Entity Alignment Module

After predicate alignment, AutoAlign achieves entity alignment through the following steps:

  1. Independent Computation of Entity Embeddings: The TransE algorithm is used to compute entity embeddings in each Knowledge Graph separately.

  2. Joint Learning: By calculating the similarity based on entity attributes, the entity embeddings from both Knowledge Graphs are transferred to a unified vector space. Specifically, attribute embeddings are based on the textual content of attribute values, bringing similar attributes closer in the vector space.

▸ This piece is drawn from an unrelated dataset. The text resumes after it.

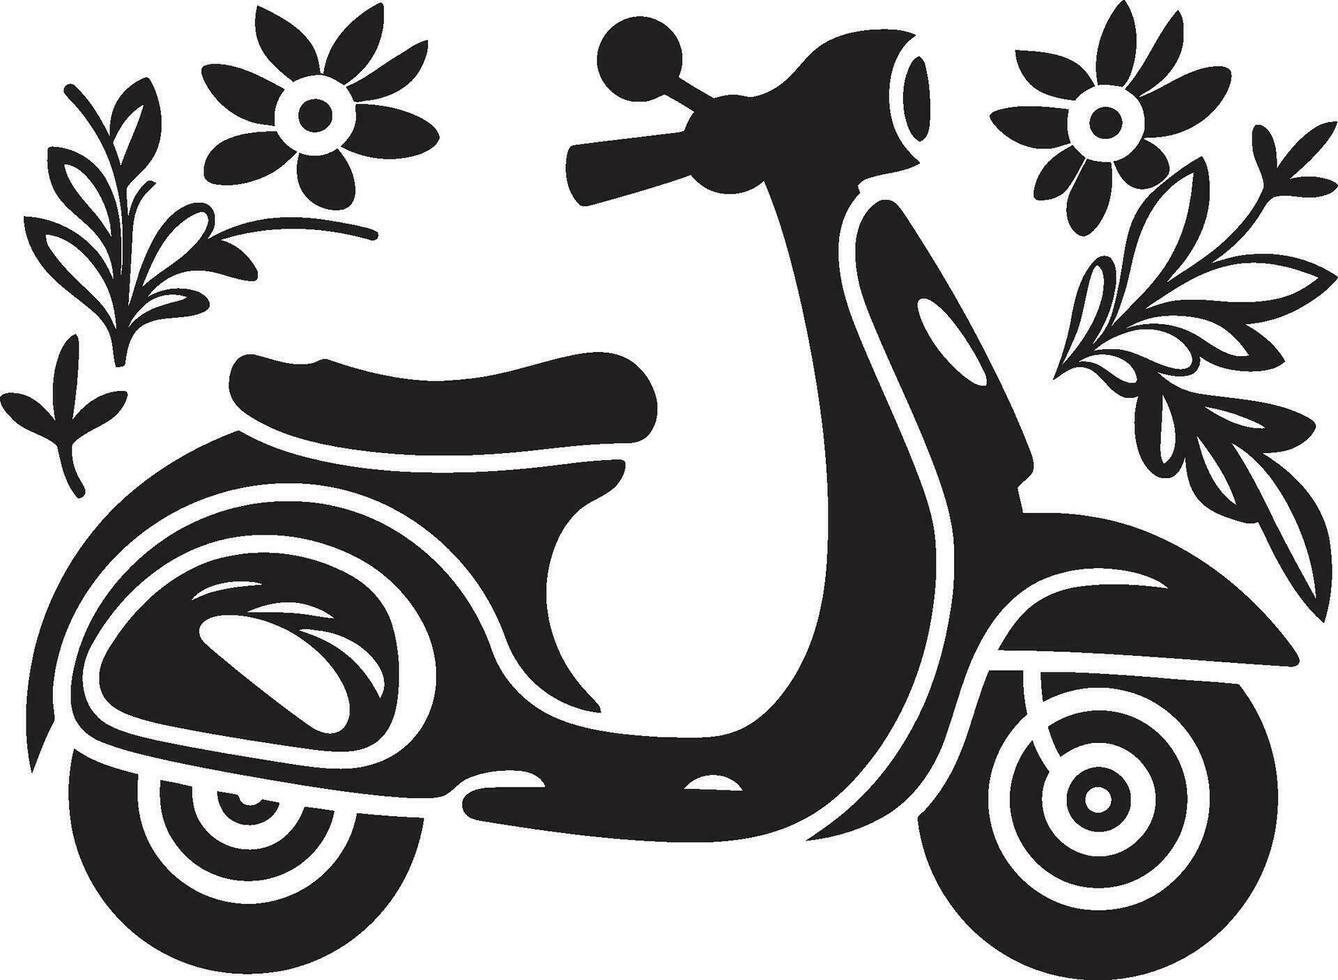 métropolitain planer dynamique vecteur logo conception scooters Urbain élégance iconique emblème icône

  3. Entity Alignment: Finally, the similarity between all entity pairs is calculated in the unified embedding space obtained through joint learning. A threshold is set to filter out non-similar entity pairs, achieving entity alignment.

Main Flow Overview

To achieve embedded Knowledge Graph alignment, AutoAlign first merges the two Knowledge Graphs in their original forms and generates predicate-proximity triples and attribute triples. AutoAlign then obtains unified predicate, structure, and attribute embeddings. After acquiring entity embeddings, the entity alignment module determines entity pairs whose similarity exceeds a threshold, ultimately achieving entity alignment.

Experimental Results

AutoAlign underwent comprehensive experimental validation on multiple real-world Knowledge Graph datasets, demonstrating its superior accuracy in entity alignment compared to state-of-the-art methods.

  1. Entity Alignment Performance: AutoAlign outperformed existing methods like MultiKE and AttrE in terms of Hits@10 performance. For instance, AutoAlign exceeded the best baseline method by 10.65% in Hits@10 on the dw-nb dataset.

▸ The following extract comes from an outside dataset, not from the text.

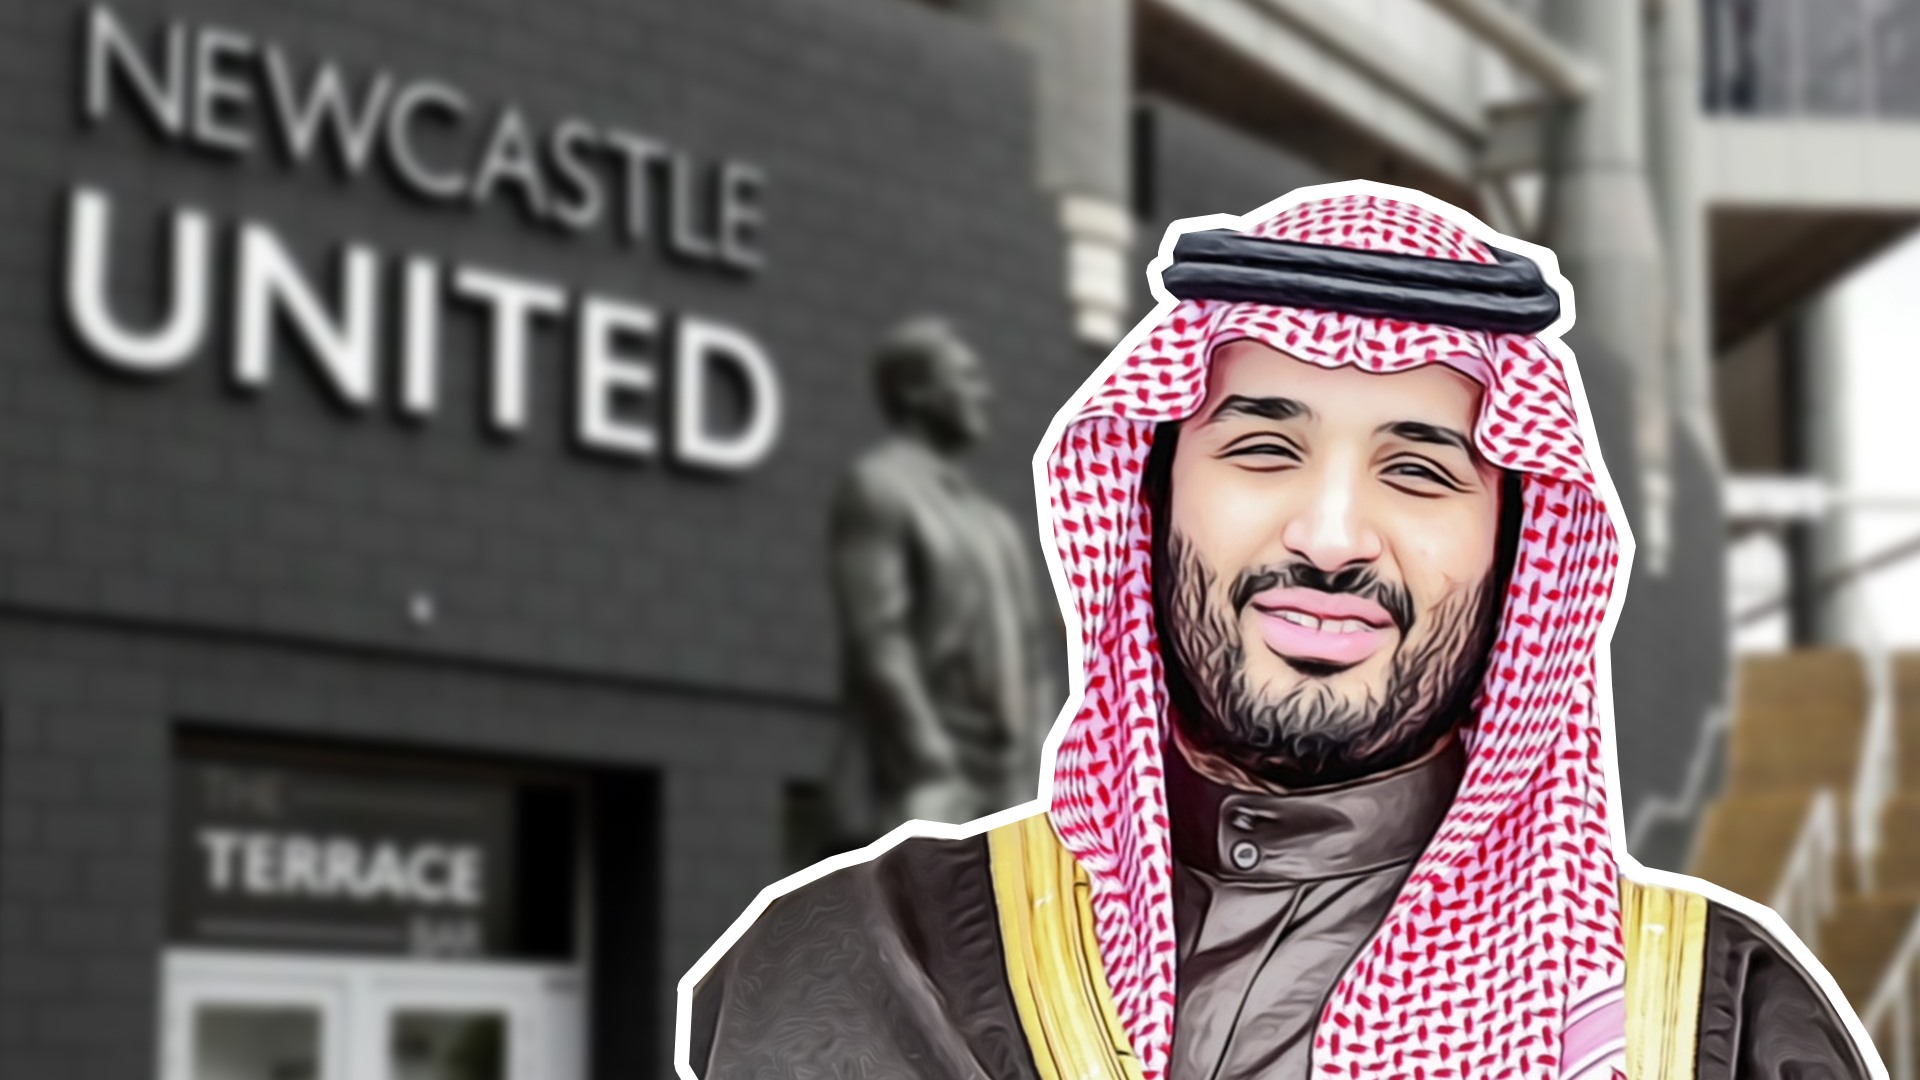 Hoàng gia Saudi Arabia không được phép can thiệp vào công việc nội bộ của Newcastle. Ảnh thiết kế: Việt Hùng

  2. Impact of Embedding Modules: Ablation experiments assessed the independent contributions of the structure embedding and attribute embedding modules, showing that using attribute embedding significantly improved alignment accuracy.

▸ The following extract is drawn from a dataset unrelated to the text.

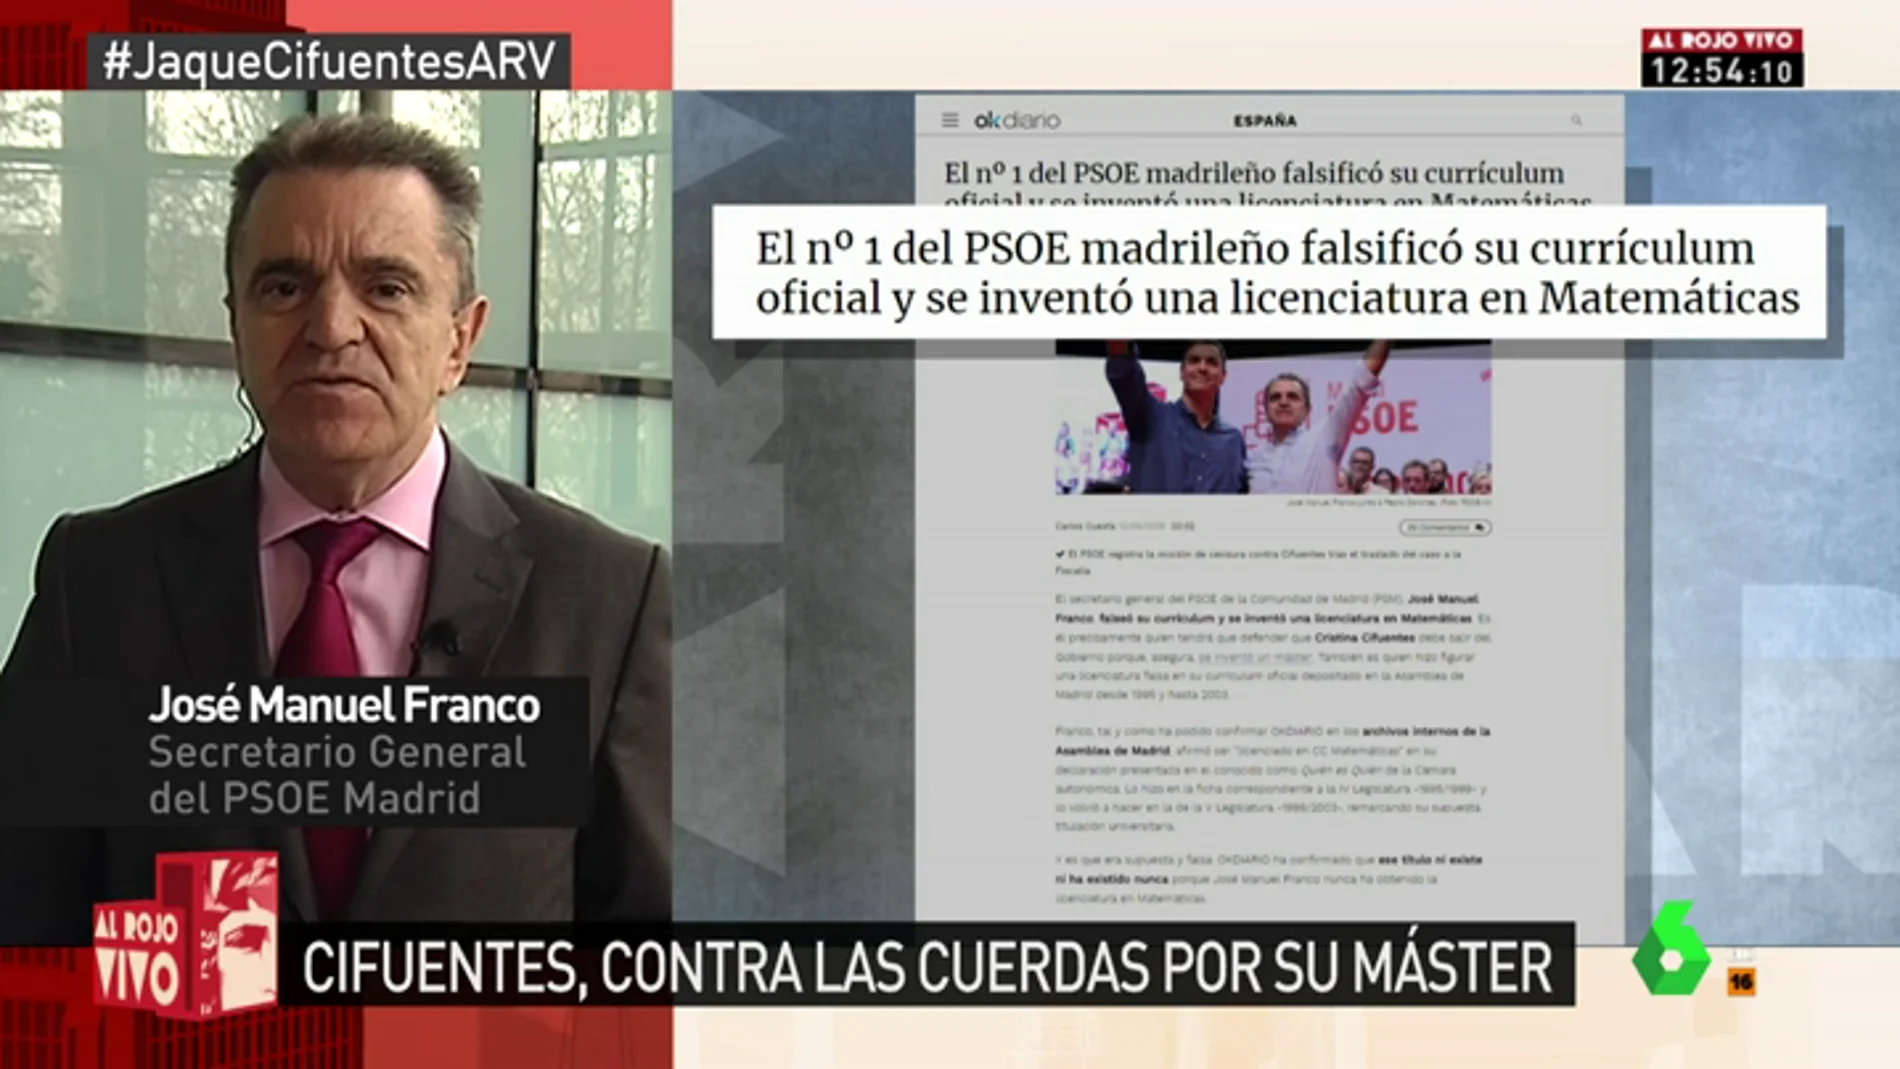 José Manuel Franco, tras la polémica con su currículum: "Fue un error que se corrigió hace más de 15 años"

  3. Advantages of Using Large Language Models: AutoAlign harnesses Large Language Models for fully automated entity type and predicate alignment, achieving higher levels of automation and accuracy compared to manual intervention methods.

Conclusion and Future Work

AutoAlign demonstrates the potential of Large Language Models in enhancing Knowledge Graph alignment performance, reducing manual work, and leveraging the knowledge stored in large models for efficient Knowledge Graph alignment. Future research can explore the application of Large Language Model-driven Knowledge Graph alignment methods in more graph or hypergraph-based study areas, such as aligning feature graphs or regional graphs in recommendation systems, thus enriching their representation capabilities.

Through this research, AutoAlign provides a feasible pathway for fully automated and efficient Knowledge Graph alignment, offering new insights for academic research and advanced technical support for data integration and knowledge discovery in practical applications.